1. Iranian Regime Exploits Earthquake to Advance Its Conflict Against Israel and the U.S.

As the world has rushed aid to Turkiye and Syria in the aftermath of the February 6 earthquake, the Iranian regime has used earthquake relief as a pretext for expanding its activities in Syria. Alleged “aid convoys” sent by the Iranian regime and its Iraqi militia allies have arrived in Syria, but Syrian authorities have yet to reveal the actual contents of these convoys. 

The Iranian-backed Iraqi proxy militia Al Hashed was the first foreign force to enter Syria hours after the quake, publicizing their alleged aid deliveries on their social media platforms. Within days, however, the Jerusalem Post reported that Israeli security officials were concerned the alleged aid convoys were actually a cover for Iranian weapons shipments.

On February 10, a suspected Iranian Shahed-136 suicide targeted a commercial tanker owned by the Israeli billionaire Eyal Ofer as it transited the Persian Gulf.  Although Tehran rejected accusations it was behind the attack, the Iranian regime is the only plausible culprit, and the attack may have been the regime’s attempt to retaliate for the Israeli drone attack against an IRGC missile facility on January 28.

On February 14, US forces in Syria engaged and shot down an Iranian-manufactured drone that was attempting to conduct surveillance of a US military outpost in northeast Syria. A local Syrian media platform reported the Iranian drone had flown over the base for hours before being brought down.
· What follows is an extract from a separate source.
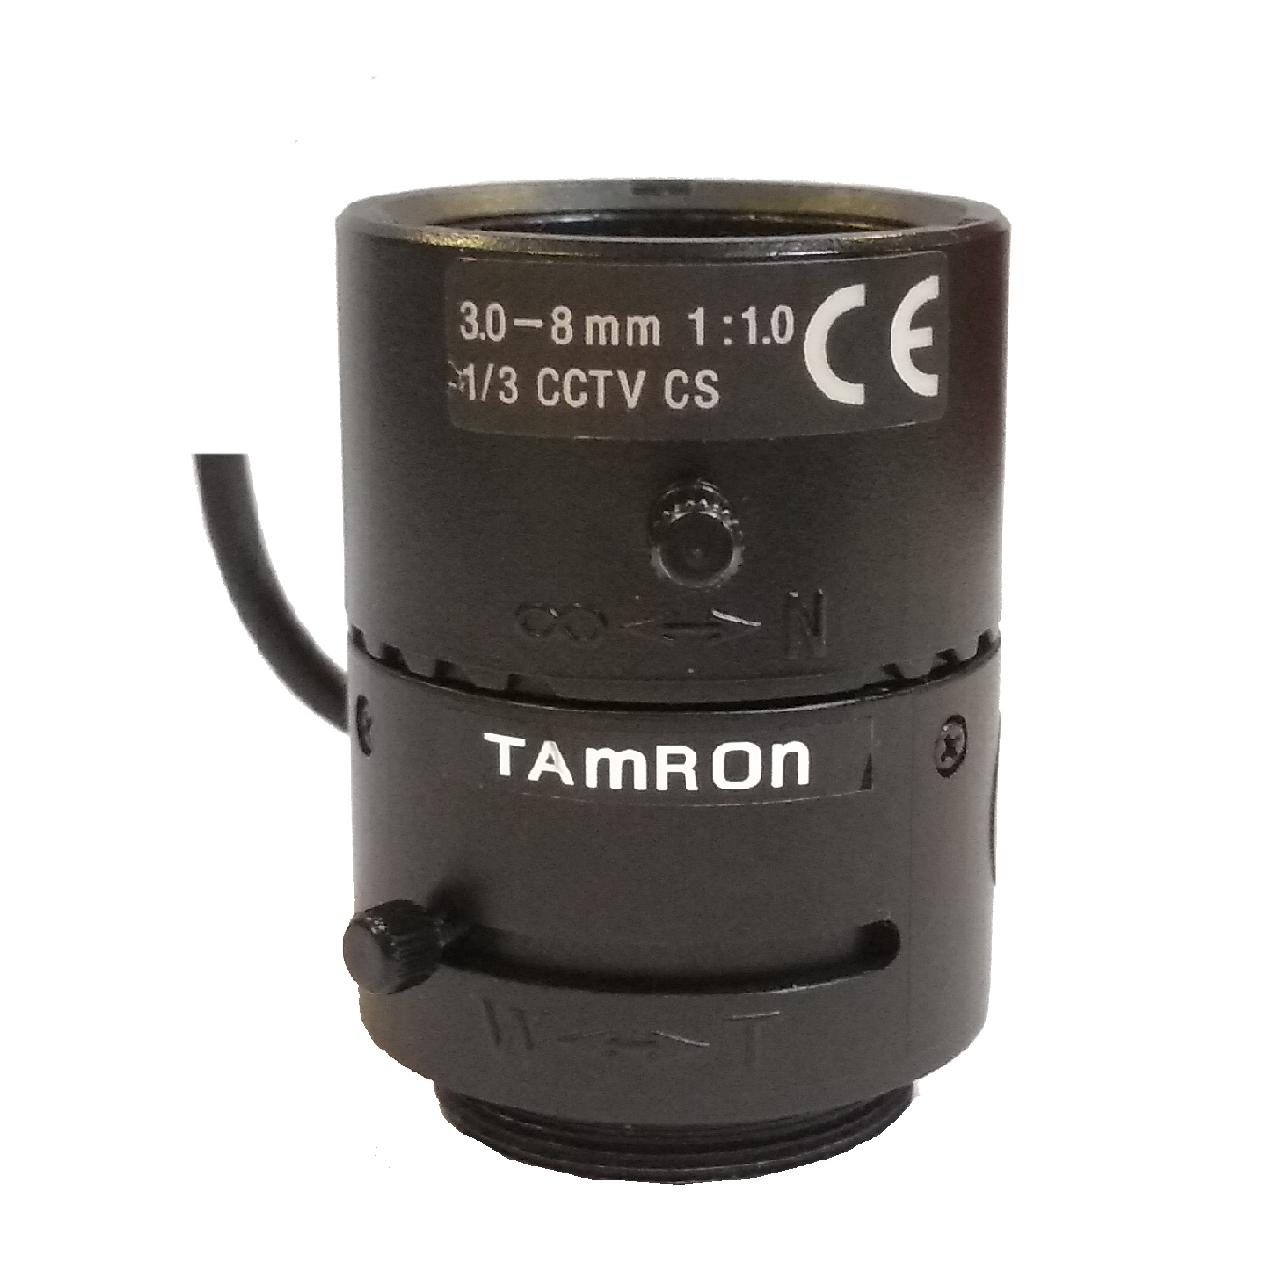 لنز وری فوکال دوربین مداربسته تامرون مدل 13VG308AS

Athar Press further cited Iranian media ridiculing the counter-engagement of American forces explaining that it cost the United States thousands of dollars to bring down a $1,000 drone that was on drill exercise and achieved its mission. 

Just four days later, on February 18, a nearby U.S. outpost came under attack by two rockets that caused no U.S. casualties but fit an established pattern of IRGC-backed militia attacks against U.S. troops in the area. The Iranian-regime-associated Tasnim Agency in Iran was the first media outlet to comment on the rocket attack by condemning the US presence in Syria’s nearby Al-Omar oil field. The likely IRGC attack occurred the same day that U.S. Central Command announced a raid that killed a senior ISIS leader and left four American service members wounded in eastern Syria.

The following day, Israeli missiles targeted Iranian and Hizballah sites in the Damascus countryside. A few minutes later, a projectile struck one of Damascus’s most prominent neighborhoods, Kafr Sousah, an area heavily occupied by Iranian security agencies since 2011 and also the neighborhood where Hizballah’s top commander, Imad Moughniyeh, was killed in an Israeli bombing in 2008. 

It remains unclear if the Israeli strikes targeted Kafr Sousah or the other residential neighborhoods in Damascus. The Times of Israel neither denied nor claimed Israeli responsibility for the explosion in Kafr Sousah but hinted that Israeli jets had targeted Iranian and Syrian regime military sites near Damascus Airport, Sitt Zaynab, and al-Kiswah, all of which are at least 30 minutes drive from Kafersousah.  

It is entirely possible the explosion in Kafr Sousah was caused by the Israeli airstrikes but by errant Syrian regime air defenses. Al Jazeera quoted an unnamed Syrian military source who said stray Syrian anti-aircraft missiles fired from Mount Qasioun had fallen on several other locations, including near the capital’s historic citadel. While Assad’s news agency, SANA, reported that only five people were killed in the night’s strikes, other news sources reported the figure of 15, six of whom remain unknown

According to the Jerusalem Post, three main reasons lay behind the Israeli attack. The first was the attack on the Israeli-owned fuel vessel in the Persian Gulf; the second was the Iranian militias’ rocket strikes on American forces in eastern Syria; and the third was the Iranian president’s visit to China, indicating Iran’s persistence in continuing uranium enrichment while attempting to break out of international isolation. It is noteworthy, however, that the Iranian president’s visit to China was high on optics but did not achieve any immediate deals. 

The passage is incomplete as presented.